|
18:30
Филипп – на крыше. Не на пологом, почти плоском пятачке, где мы иногда сидим, а на самом коньке, выше чердака – он сидит там, наклонившись вперед, вроде горгульи. На подъездной дорожке – черный «линкольн» с открытым, зияющим, как беззубый рот, багажником. Таксист, тучный дядька в черном костюме, курит, прислонившись к автомобилю. Я выскакиваю из машины и подбегаю к стоящим на краю газона Полу, Элис, Хорри и Венди с Сереной на руках. Малышка мирно посасывает пустышку. Трейси стоит посереди газона и взывает к Филиппу:
– Пожалуйста, слезай! Ты разобьешься!
– Ага. Это я и собираюсь сделать! – кричит Филипп и встает: одна нога на одном скате, другая на другом, руки раскинуты в стороны для равновесия. – Отпусти такси.
– Что происходит? – спрашиваю я.
– Филипп сделал Трейси предложение, – отвечает Венди. – В нашем присутствии.
– И что Трейси?
Венди усмехается:
– Ты‑то где был?
– Ездил к Джен.
– Правда? И как?
Я смотрю на Филиппа, распятого на крыше, словно Иисус Христос.
– Все относительно. Смотря с чем сравнивать.
– Фил реагирует вполне по‑мужски, – замечает Пол.
– Если ты сядешь в такси, я спрыгну, клянусь богом!
Трейси поворачивается к нам:
– Он же не прыгнет? Как вы думаете?
Венди с сомнением смотрит на Филиппа:
– Есть только один способ проверить.
– Я тебя люблю! – кричит Филипп.
– Ты ведешь себя как ребенок! Это детский шантаж!
– Важно, чтобы сработало.
С другой стороны улицы подбегают мама с Линдой.
– Господи, что у вас делается? – спрашивает Линда.
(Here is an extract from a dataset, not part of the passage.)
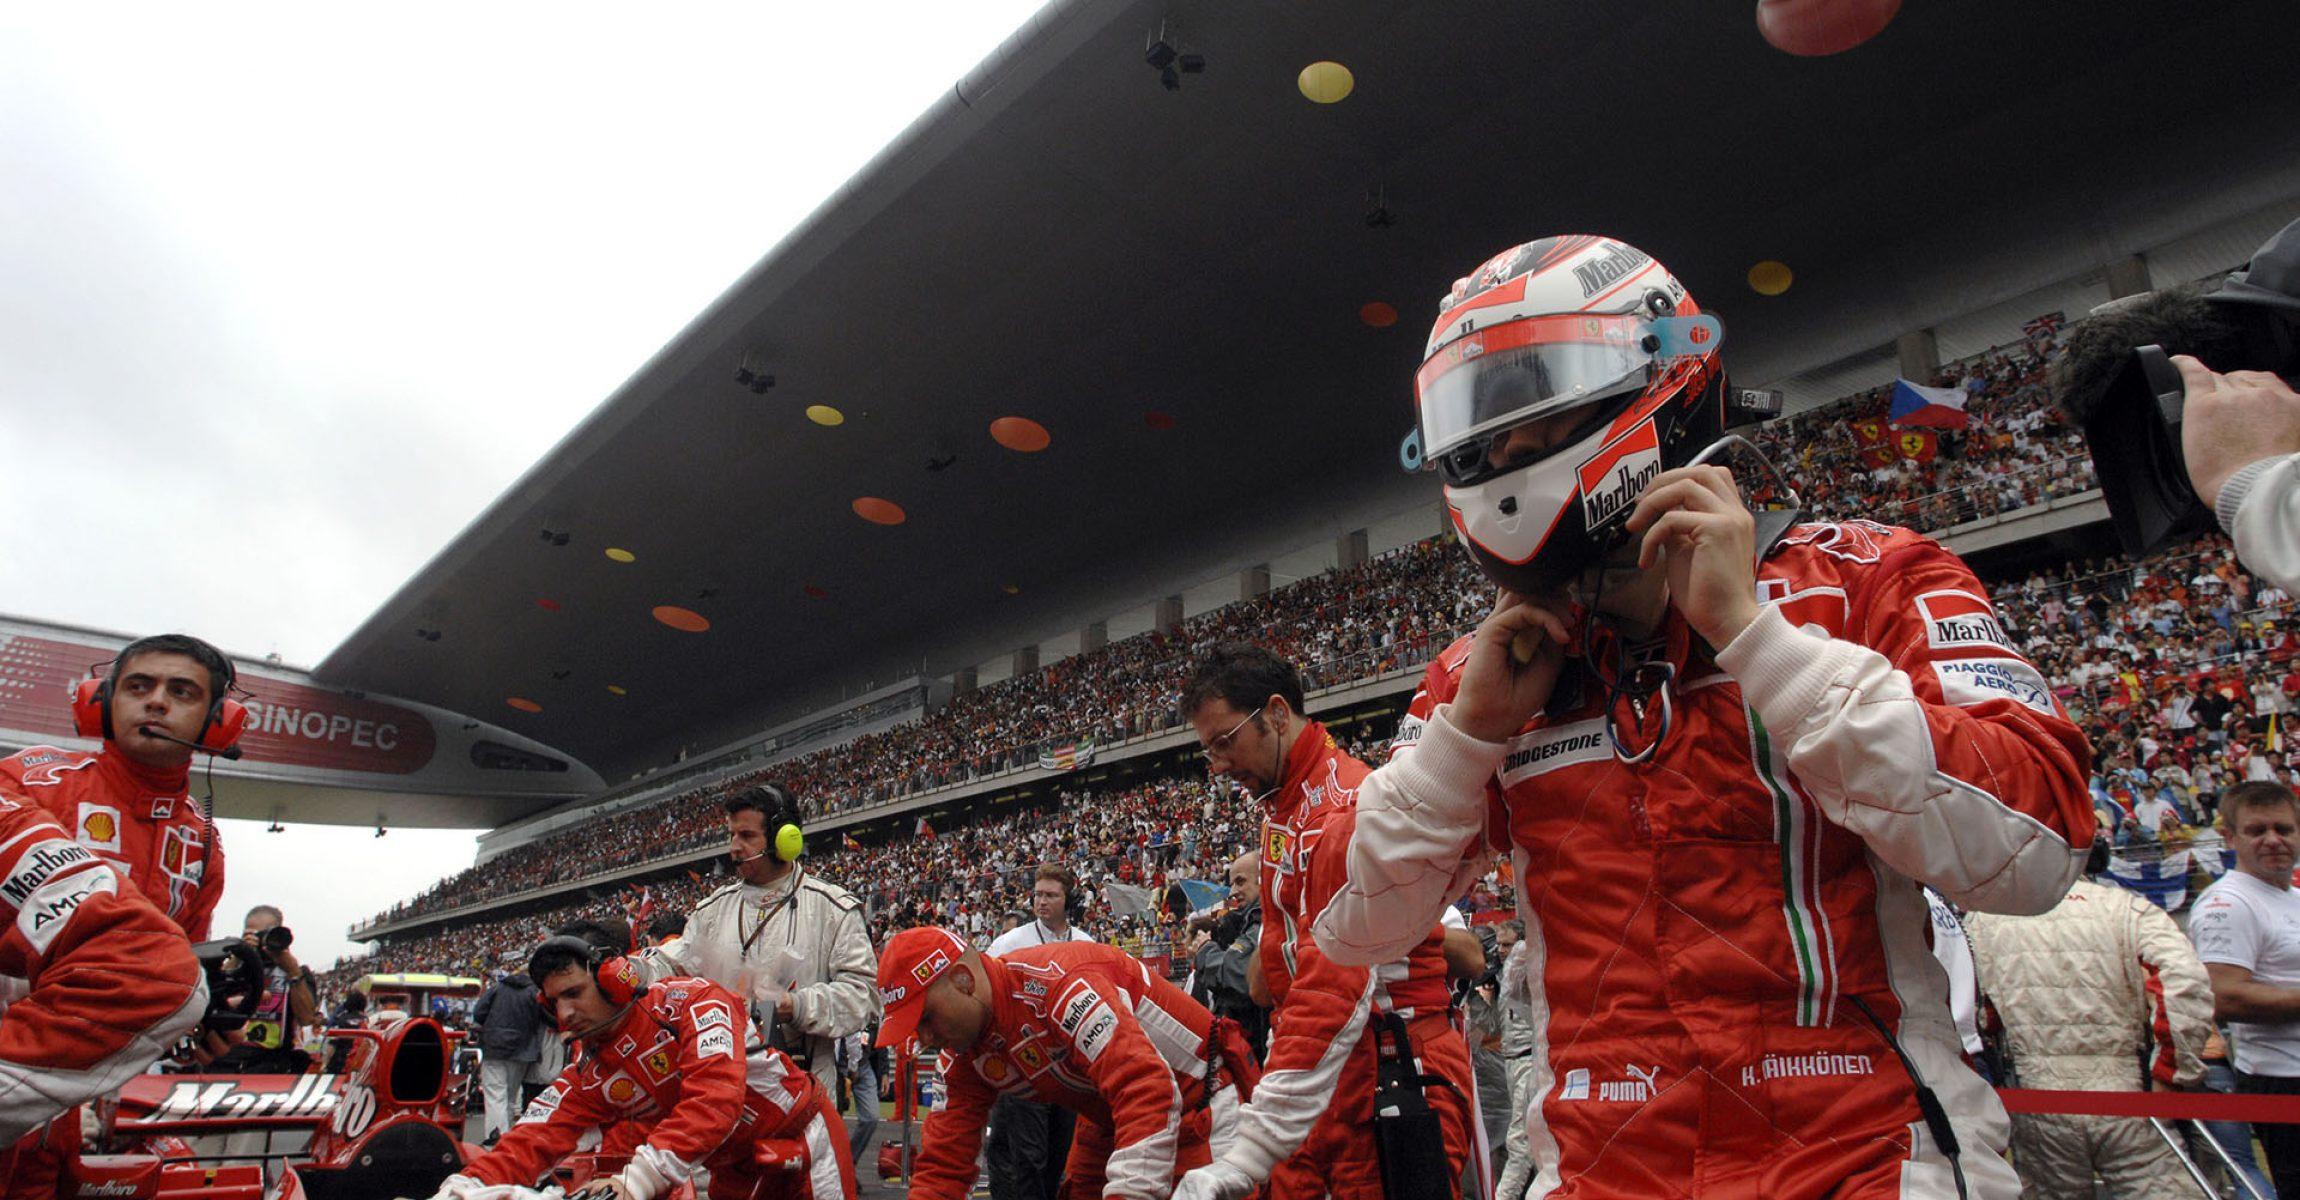 Kimi Räikkönen, Ferrari, 2007, Chinese Grand Prix, Shanghai

– Трейси не хочет выходить замуж за Филиппа, – поясняю я.
– Трейси же не дура, – комментирует мать. Она идет по траве и встает перед Трейси. – Положить конец истерике можно только одним способом. Игнорировать.
– Игнорировать?
– Да.
– Но ему не четыре года.
– Милая, нам всем тут четыре года.
Трейси в замешательстве:
– А вдруг он спрыгнет?
– Тогда мне придется пересмотреть концепцию.
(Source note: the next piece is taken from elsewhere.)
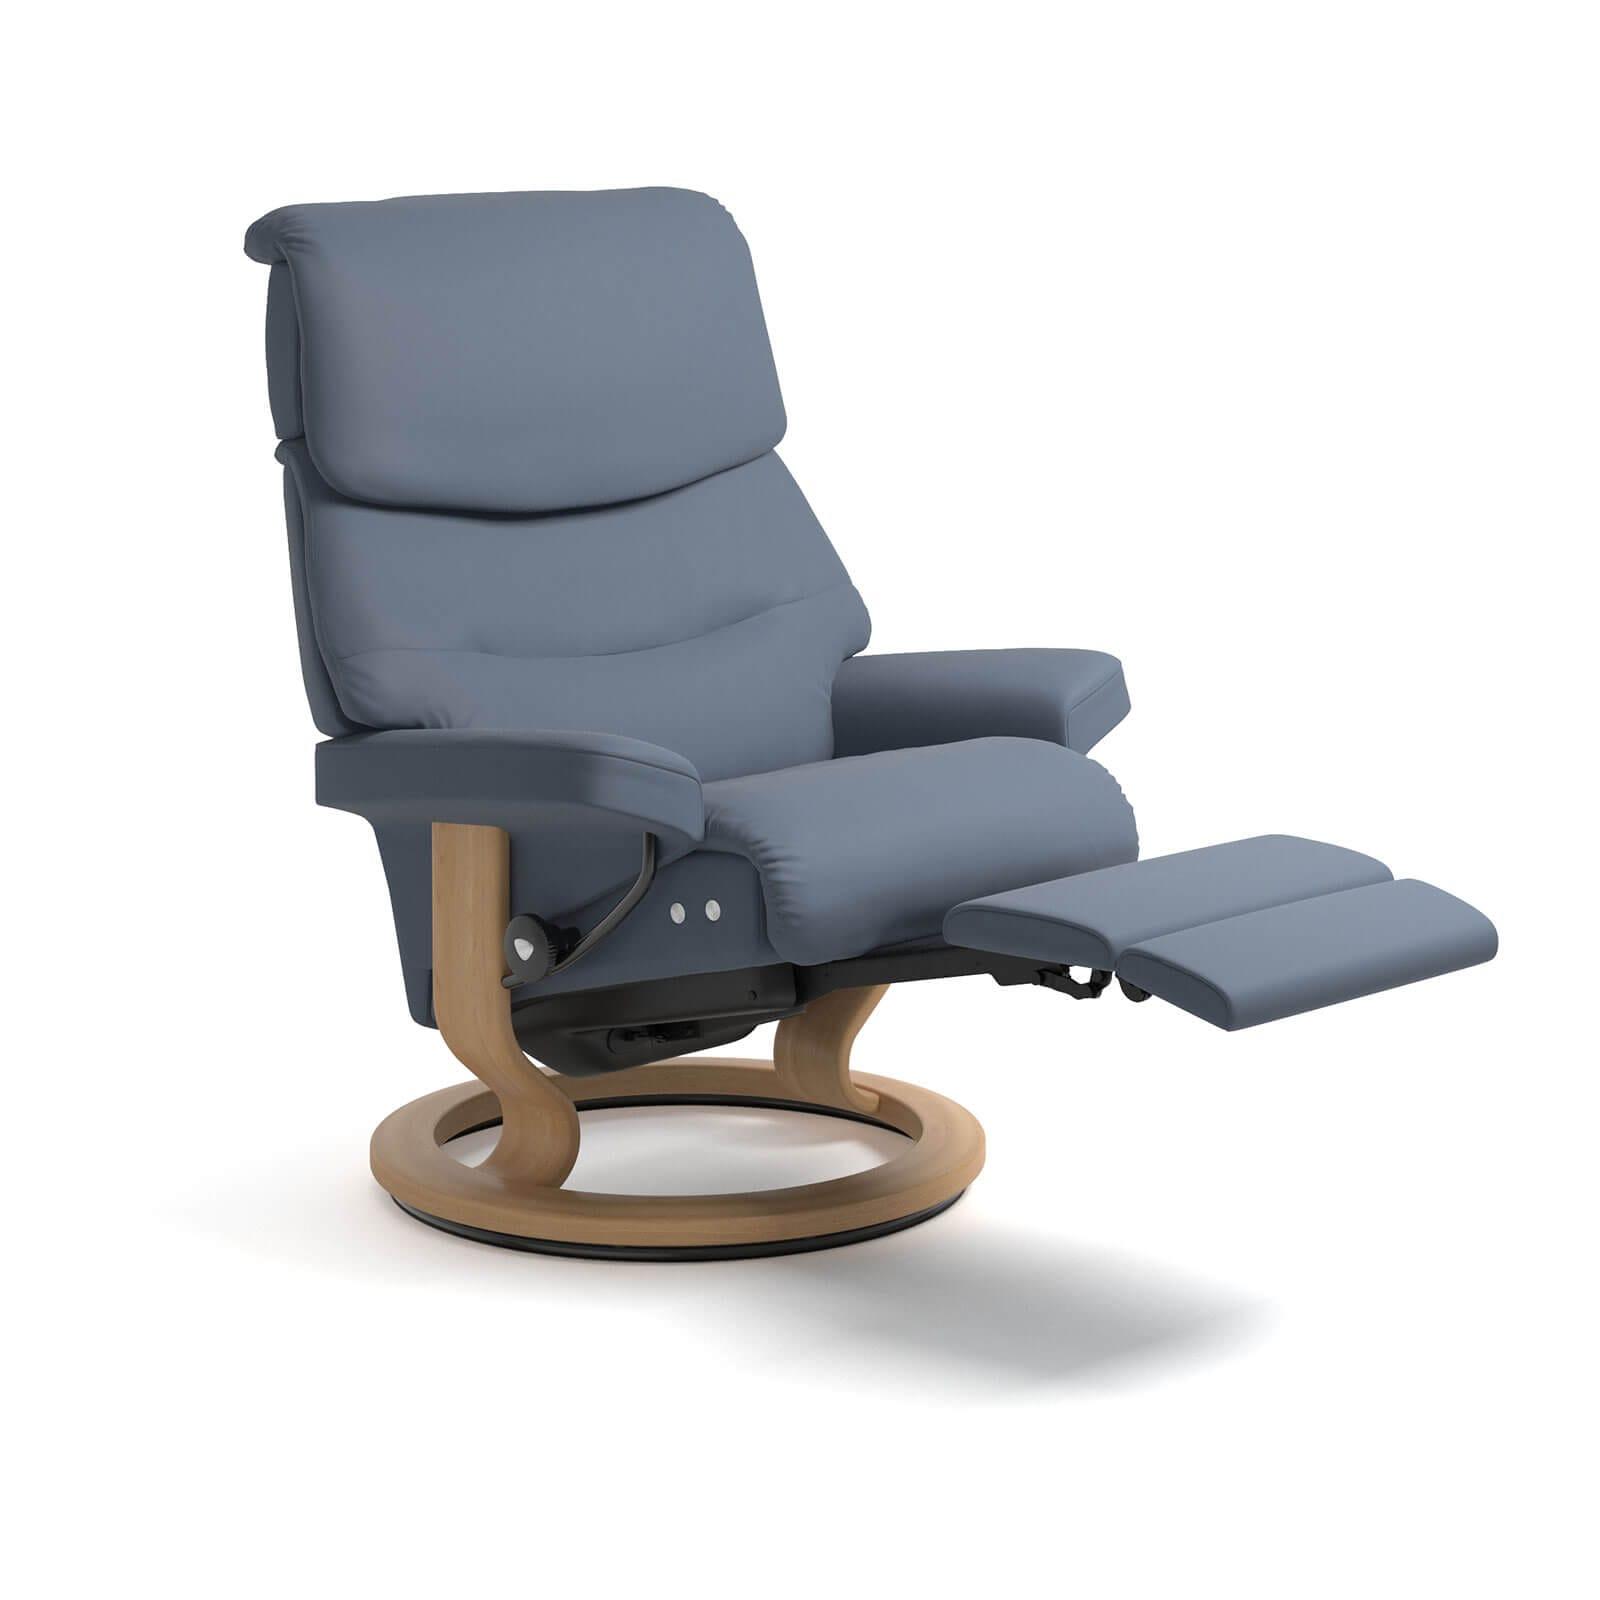 stressless capri legcomfort paloma sparrow blue stressless. Black Bedroom Furniture Sets. Home Design Ideas

Трейси смотрит на маму долго‑долго, и глаза ее постепенно влажнеют.
– Вы, наверно, думаете, что я полная идиотка.
Мама ей улыбается – искренне и очень нежно.
– Ну какая же ты идиотка? Вовсе нет. Ты – не первая женщина, которая захотела поверить в Филиппа. Но из всех ты, безусловно, самая лучшая. И мне очень жаль, что ты уезжаешь. – С этими словами мама делает шаг вперед и обнимает Трейси.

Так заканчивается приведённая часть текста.